Task brief
As you print the data below, keep every line exactly as it is and leave the images behind.

Dataset content

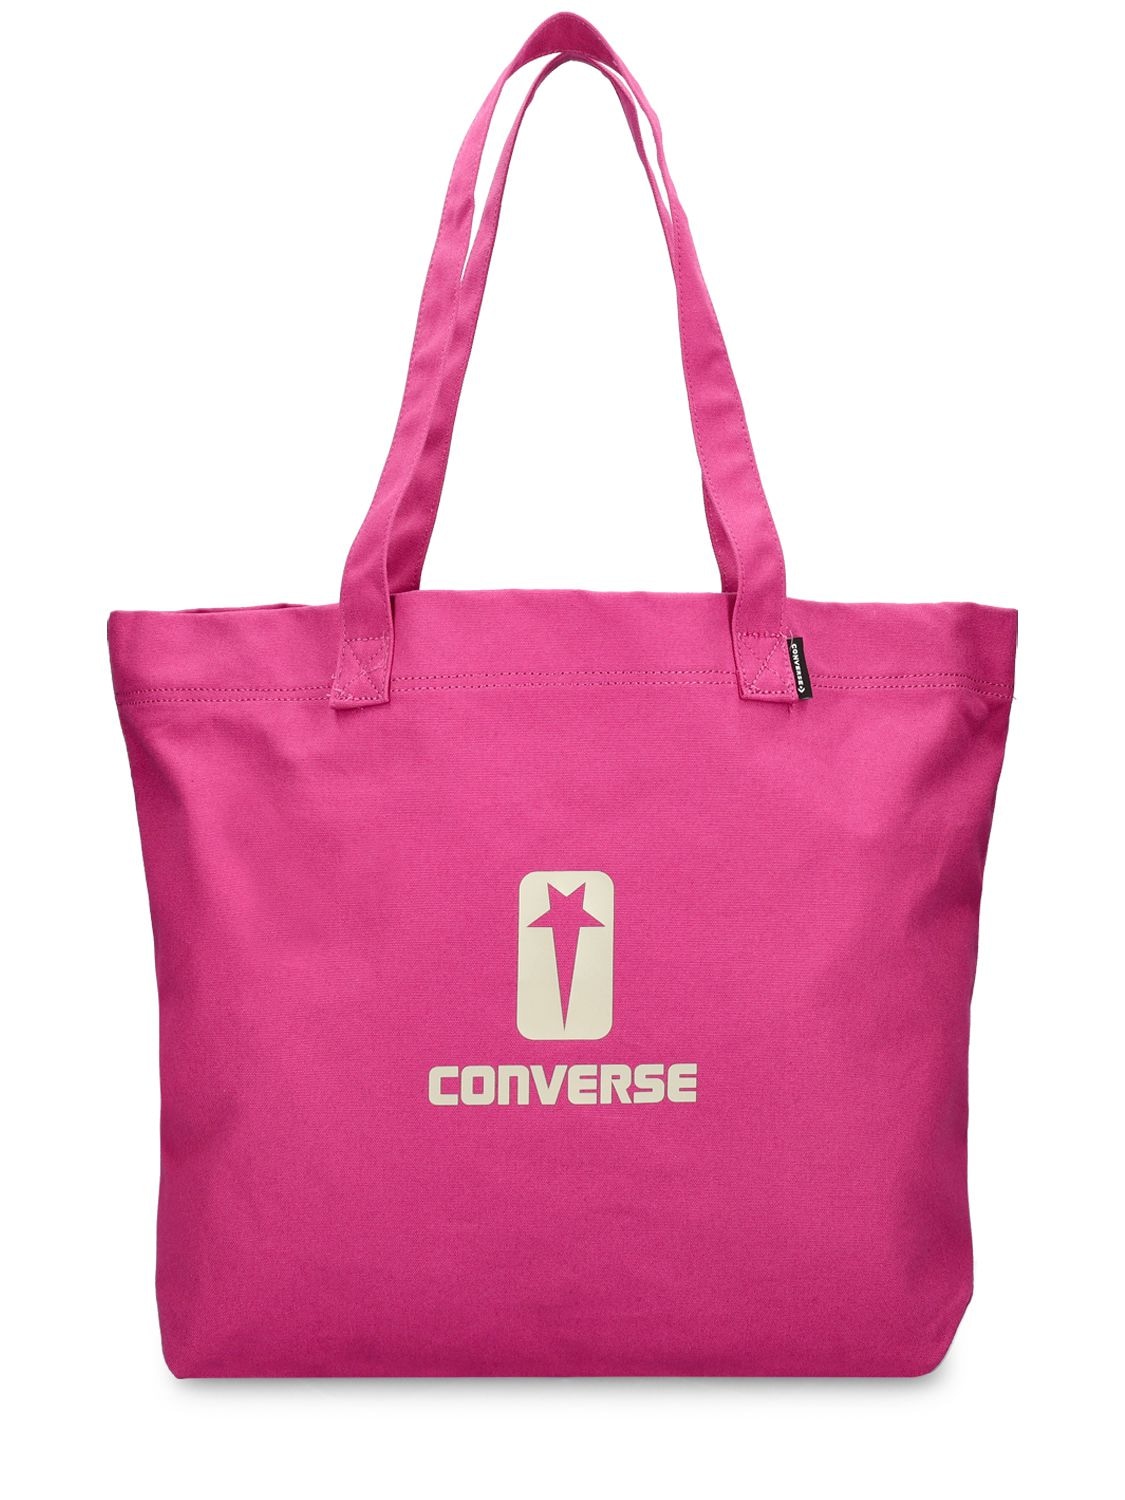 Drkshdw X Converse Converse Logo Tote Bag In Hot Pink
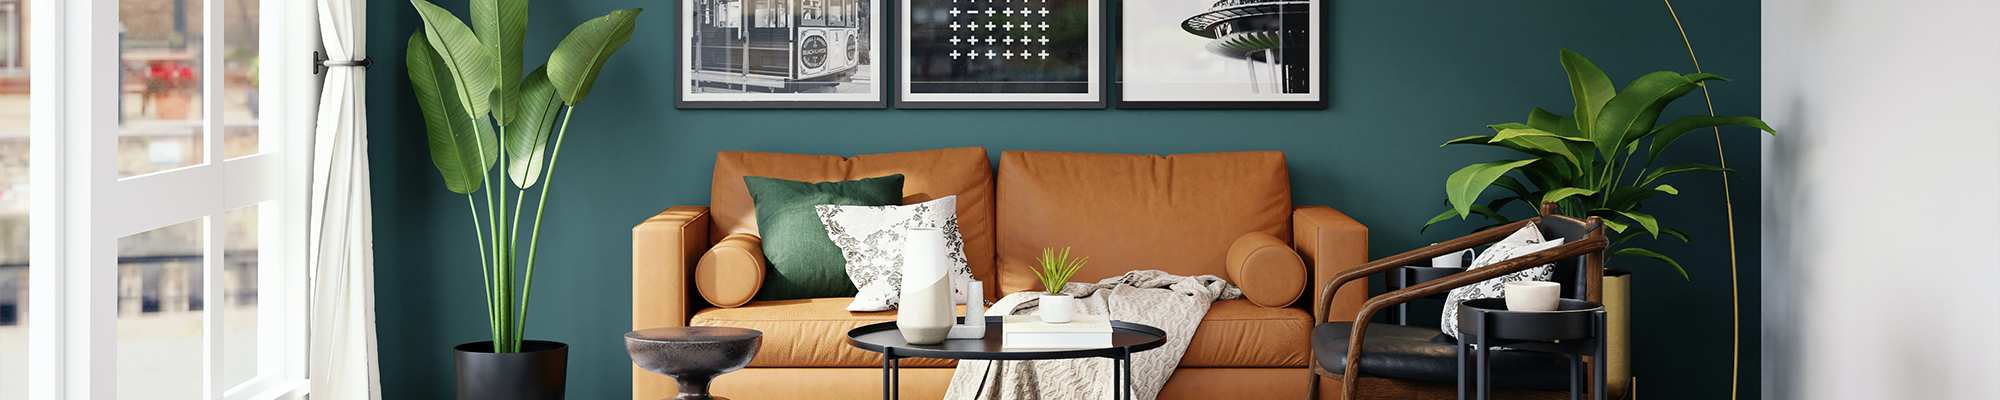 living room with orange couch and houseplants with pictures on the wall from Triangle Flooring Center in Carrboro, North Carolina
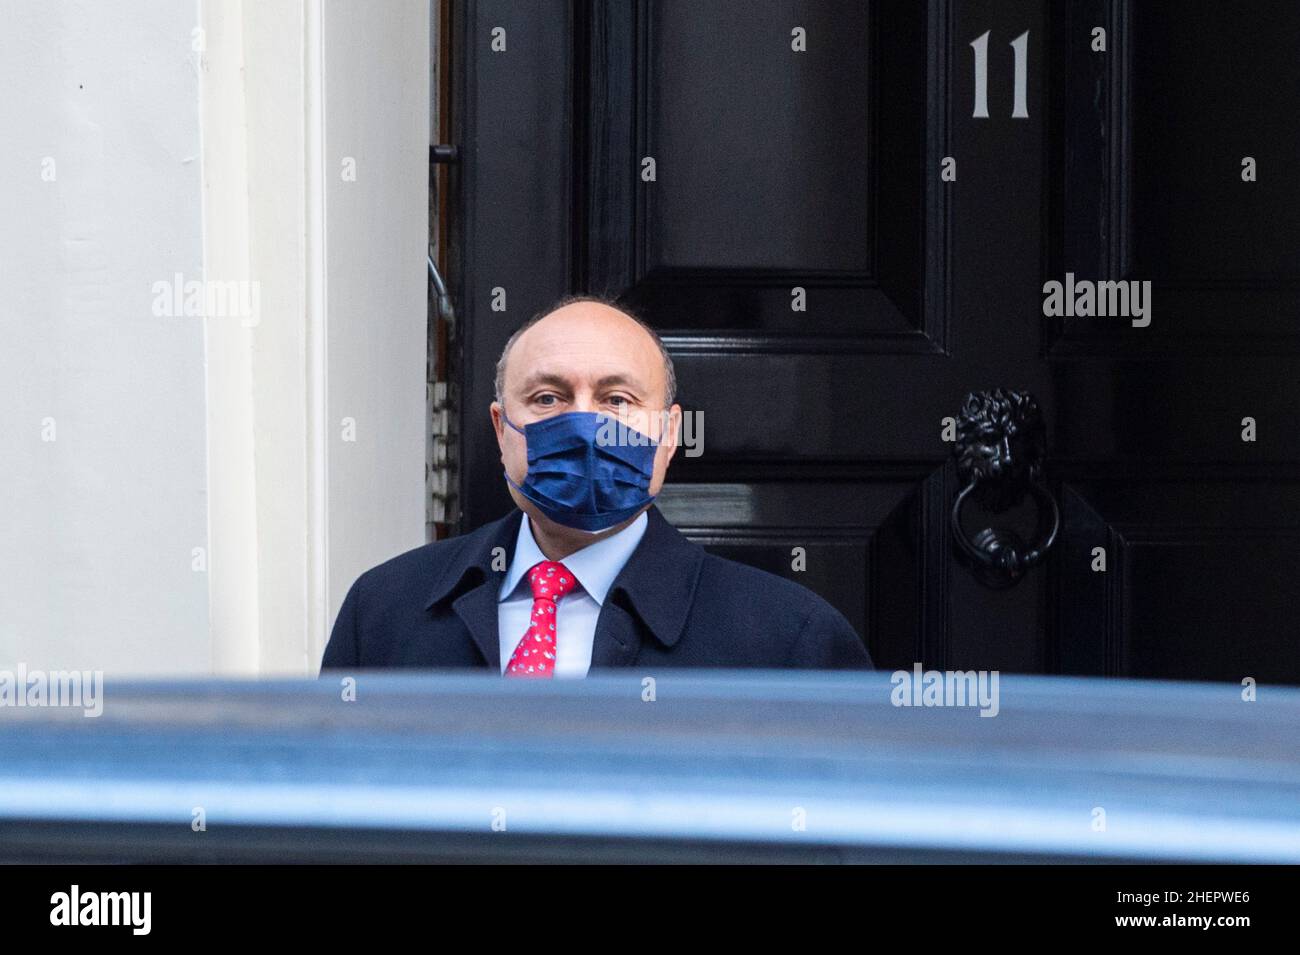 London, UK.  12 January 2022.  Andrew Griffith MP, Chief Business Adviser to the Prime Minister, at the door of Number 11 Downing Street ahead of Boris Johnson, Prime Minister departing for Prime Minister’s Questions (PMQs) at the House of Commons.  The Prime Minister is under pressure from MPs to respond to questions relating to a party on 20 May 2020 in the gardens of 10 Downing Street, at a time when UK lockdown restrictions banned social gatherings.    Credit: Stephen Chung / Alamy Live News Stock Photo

Task answer
 Drkshdw X Converse Converse Logo Tote Bag In Hot Pink
 living room with orange couch and houseplants with pictures on the wall from Triangle Flooring Center in Carrboro, North Carolina
 London, UK.  12 January 2022.  Andrew Griffith MP, Chief Business Adviser to the Prime Minister, at the door of Number 11 Downing Street ahead of Boris Johnson, Prime Minister departing for Prime Minister’s Questions (PMQs) at the House of Commons.  The Prime Minister is under pressure from MPs to respond to questions relating to a party on 20 May 2020 in the gardens of 10 Downing Street, at a time when UK lockdown restrictions banned social gatherings.    Credit: Stephen Chung / Alamy Live News Stock Photo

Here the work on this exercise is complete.